“The thinking classes are fatally removed from the physical side of life-hence their feeble attempt to compensate by embracing a strenuous regimen of gratuitous exercise. Their only relation to productive labor is that of consumers. They have no experience of making anything substantial or enduring. They live in a world of abstractions and images, a simulated world that consists of computerized models of reality ‘hyperreality,’ as it has been called-as distinguished from the palpable, immediate, physical reality inhabited by ordinary men and women. Their belief in the ‘social construction of reality’-the central dogma of postmodernist thought-reflects the experience of living in an artificial environment from which everything that resists human control (unavoidably, everything familiar and reassuring as well) has been rigorously excluded. Control has become their obsession. In their drive to insulate them selves against risk and contingency-against the unpredictable hazards that afflict human life-the thinking classes have seceded not just from the common world around them but from reality itself.”

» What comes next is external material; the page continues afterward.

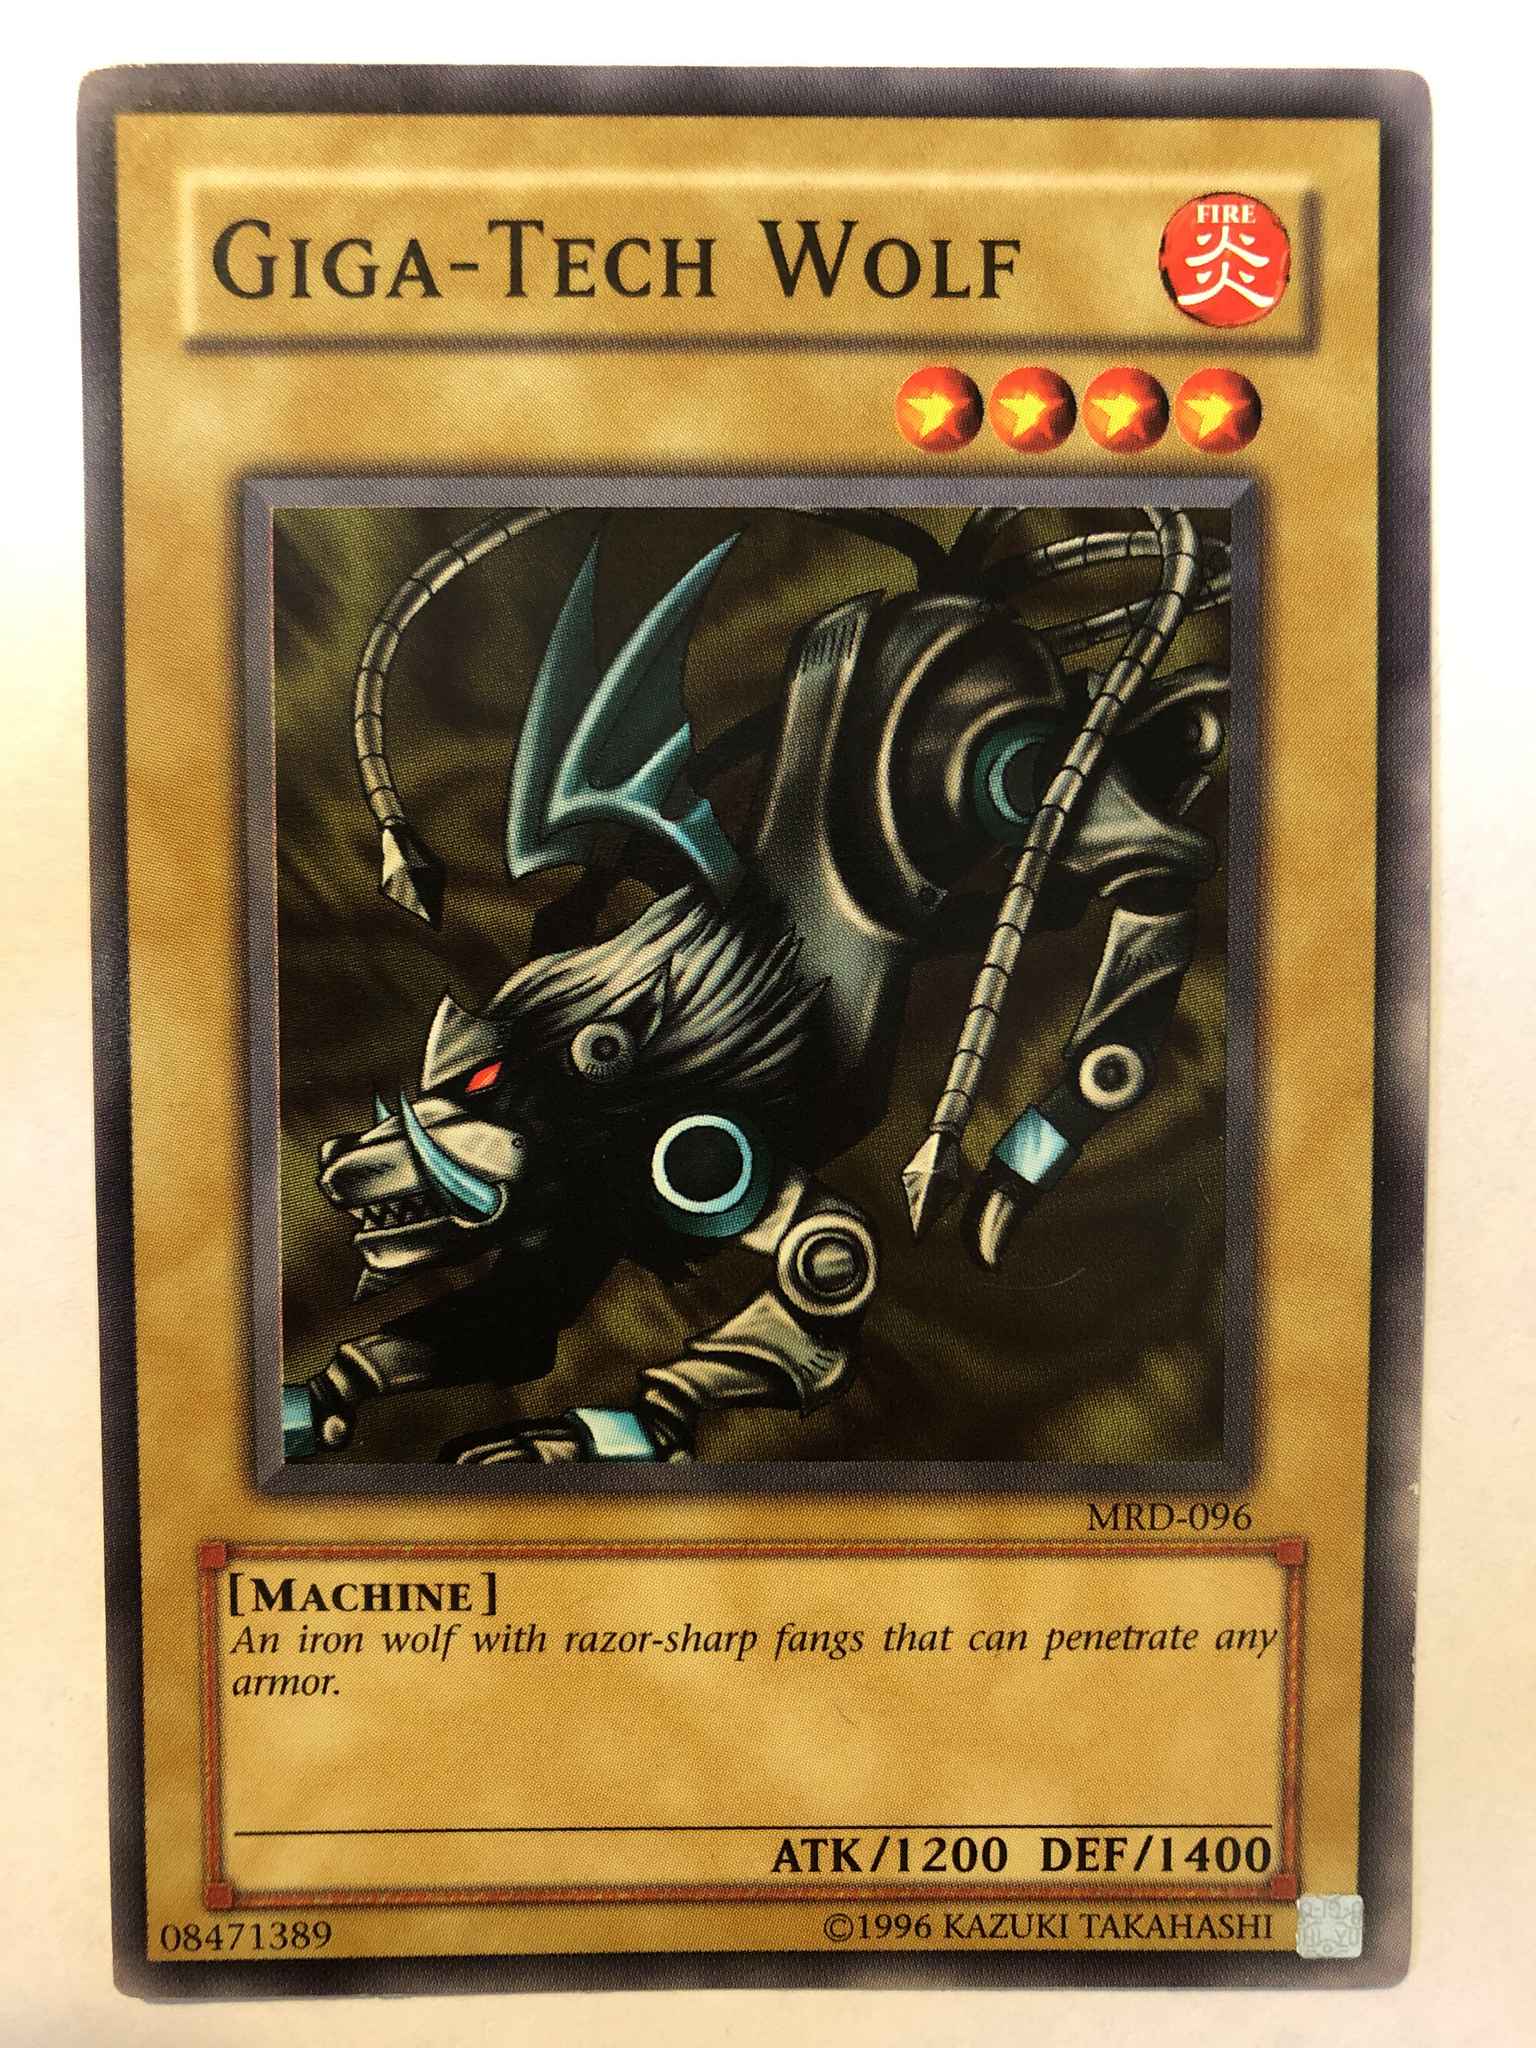 Giga Tech Wolf Giga Tech Wolf Metal Raiders Yugioh Online Gaming Store For Cards Miniatures Singles Packs Booster Boxes

“Upper-middle-class liberals, with their inability to grasp the importance of class differences in shaping attitudes toward life, fail to reckon with the class dimension of their obsession with health and moral uplift. They find it hard to understand why their hygienic conception of life fails to command universal enthusiasm. They have mounted a crusade to sanitize American society: to create a ‘smoke-free environment,’ to censor everything from pornography to ‘hate speech,’ and at the same time, incongruously, to extend the range of personal choice in matters where most people feel the need of solid moral guidelines. When confronted with resistance to these initiatives, they betray the venomous hatred that lies not far beneath the smiling face of upper-middle-class benevolence. Opposition makes humanitarians forget the liberal virtues they claim to uphold. They become petulant, self-righteous, intolerant. In the heat of political controversy, they find it impossible to conceal their contempt for those who stubbornly refuse to see the light-those who ‘just don’t get it,’ in the self satisfied jargon of political rectitude.”
Bonus: Paul Kingsnorth
“This process accelerates under its own steam, as Weil explained, because ‘whoever is uprooted himself uproots others’. The more we are pulled, or pushed, away from our cultures, traditions and places — if we had them in the first place — the more we take that restlessness out with us into the world. If you have ever wondered why it is de rigueur amongst Western cultural elites to demonise roots and glorify movement, to downplay cohesion and talk up diversity, to deny links with the past and strike out instead for a future that never quite arrives, consider this: they are the children of globalised capitalism, and the inheritors of the unsettling of the West, and they have transformed that rootlessness into an ideology.”